Health officials praise nightly curfews and weekend closures for helping reduce infections. Now the curfews are being relaxed. Last month, the Hamas government reopened mosques and schools. This week, Egypt opened its border crossing, allowing Palestinian travelers to return to Gaza. On Thursday, officials canceled the curfews and closures. Not everyone thinks these decisions are wise.
“Now they decide to open some of the schools and the mosques. Because of that, there is high risk to increase the patients of corona. We are afraid that the cases will be more bad in Gaza because [of] this step,” says pharmacist Tholfikar Swairjo.
Every day, Swairjo sees about 50 customers with COVID-19 symptoms. Some refuse to get tested and buy vitamins instead. Some claim the pandemic is a global imperialist conspiracy.
“It’s something stupid, but they believe that,” Swairjo says.
Next door, Israel leads the world on vaccinations per capita. In just a month and a half, more than a third of the country’s 9 million citizens have received at least one shot.
The Palestinian territories remain far behind. The West Bank received its first COVID-19 vaccines only this week. Israel delivered 2,000 Moderna vaccines for Palestinian health workers there, following pleas from human rights groups to help, and Russia sent 10,000 Sputnik vaccines. Palestinians are also waiting for larger shipments, including from Russia and the World Health Organization’s COVAX program, which is sending vaccines to poor populations.
Gaza has yet to receive any vaccines. Dr. Majdi Duhair, a Gaza health official, said he had expected several hundred to arrive through the Israeli border crossing Thursday, but an Israeli official tells NPR that the government has not yet approved vaccine deliveries to Gaza. It is a politically sensitive issue. An Israeli lawmaker asked leaders not to allow vaccines into Gaza until Hamas releases two Israeli captives and the bodies of two Israeli soldiers killed in battle in 2014.

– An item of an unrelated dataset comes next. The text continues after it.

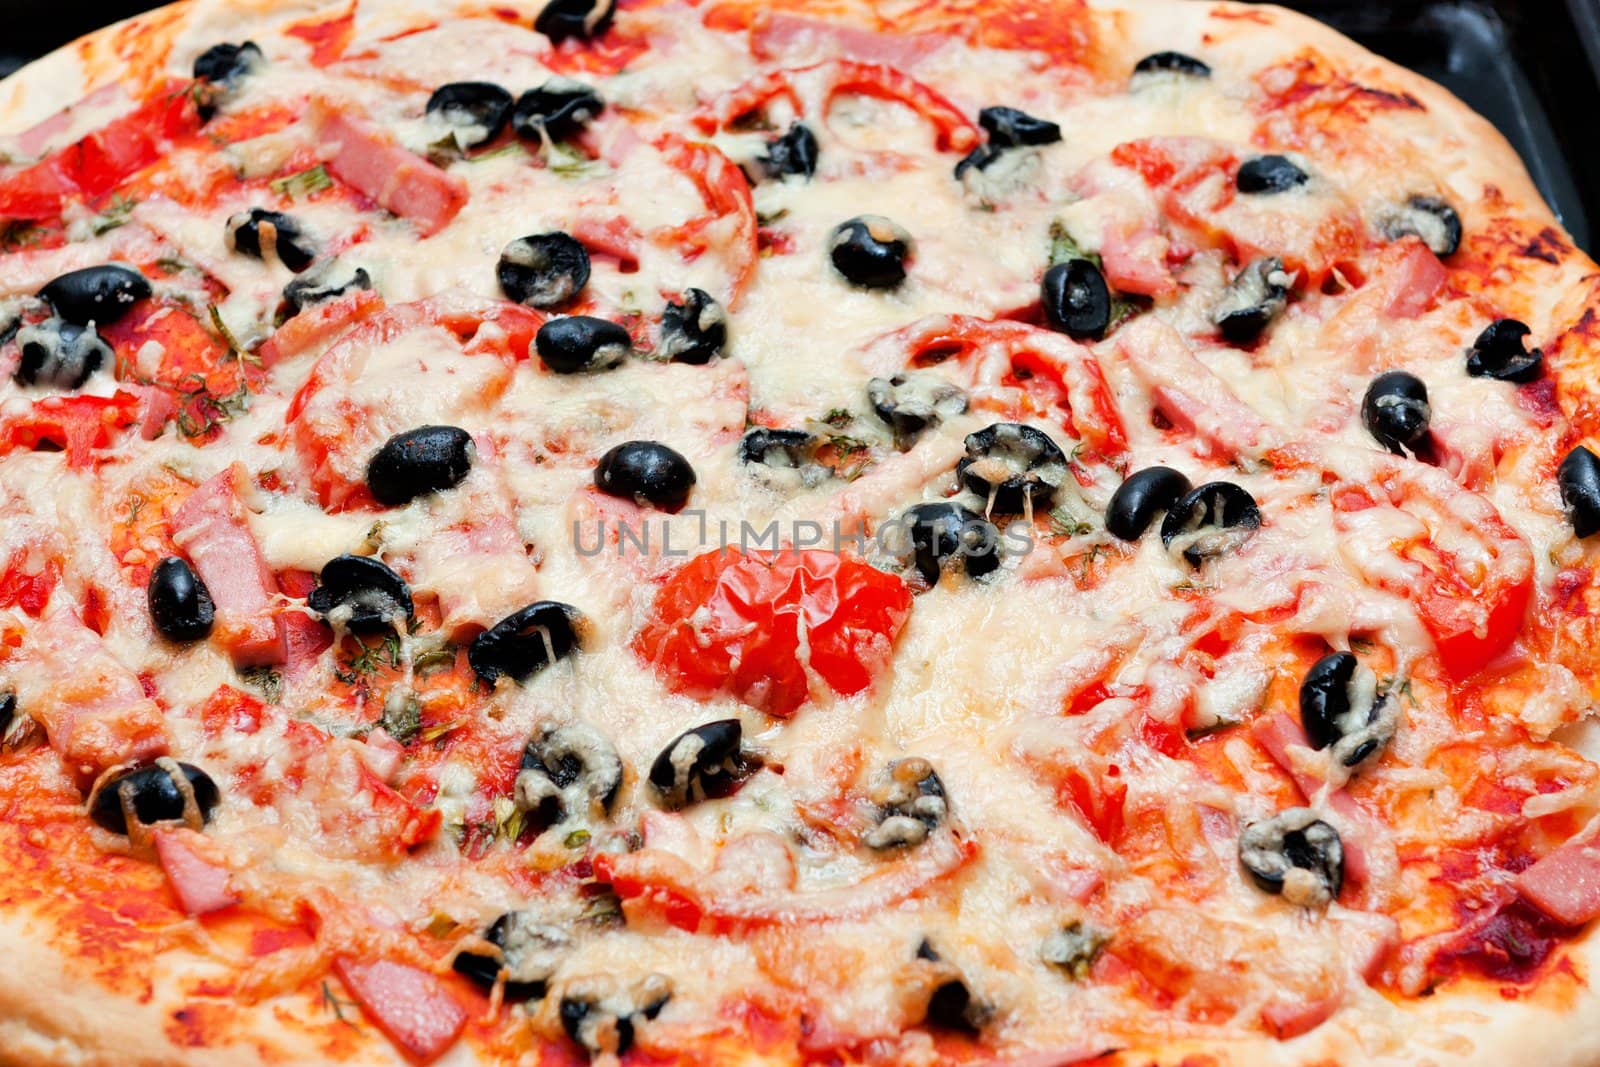 The pizza with tomato, olive and cheese.
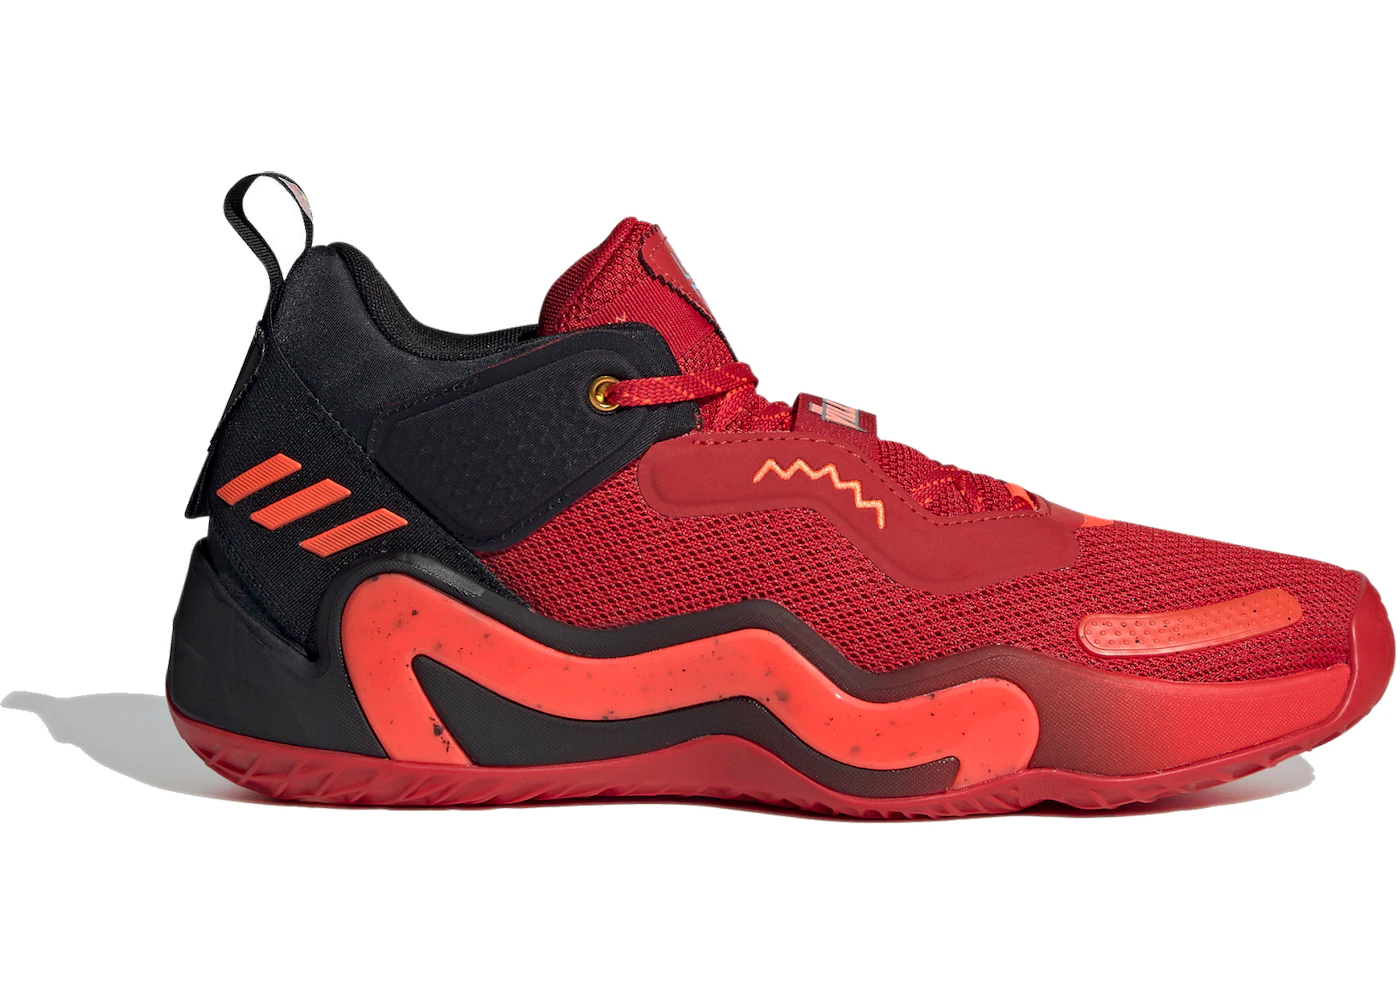 Adidas D.O.N. Issue #3 Basketball Shoes

That kind of tradeoff is unlikely, and Israel is expected to eventually allow vaccines into Gaza. Prime Minister Benjamin Netanyahu said this week that getting vaccines to Palestinians is in Israel’s interest, calling it “the right step.”
In Gaza’s COVID-19 wards, medical staff say they do not expect to receive many vaccines in early shipments, and doubt there will be enough for all staff. They plan to vaccinate only medical workers above 50 years old and medical workers with chronic illnesses.
“This should be a humanitarian issue, but politics play a role. The priority of the companies is to sell the vaccine to wealthy countries more than poor ones,” says Dr. Atef al-Hout, who heads Gaza’s COVID-19 wards.
The pandemic has taken a heavy toll on Gaza’s medical specialists — the few who did not join the exodus in recent years of hundreds of doctors who found better salaries and lives abroad.
Al-Hout says four doctors and three nurses died of COVID-19 in Gaza in the past year, including 51-year-old Dr. Majdi Ayyad, one of Gaza’s last heart surgeons. Now there are only three cardiac surgeons left for a population of more than 2 million.
“Mercy be on those we lost,” al-Hout says with a sigh.
Baba reported from Gaza City. Estrin reported from Jerusalem.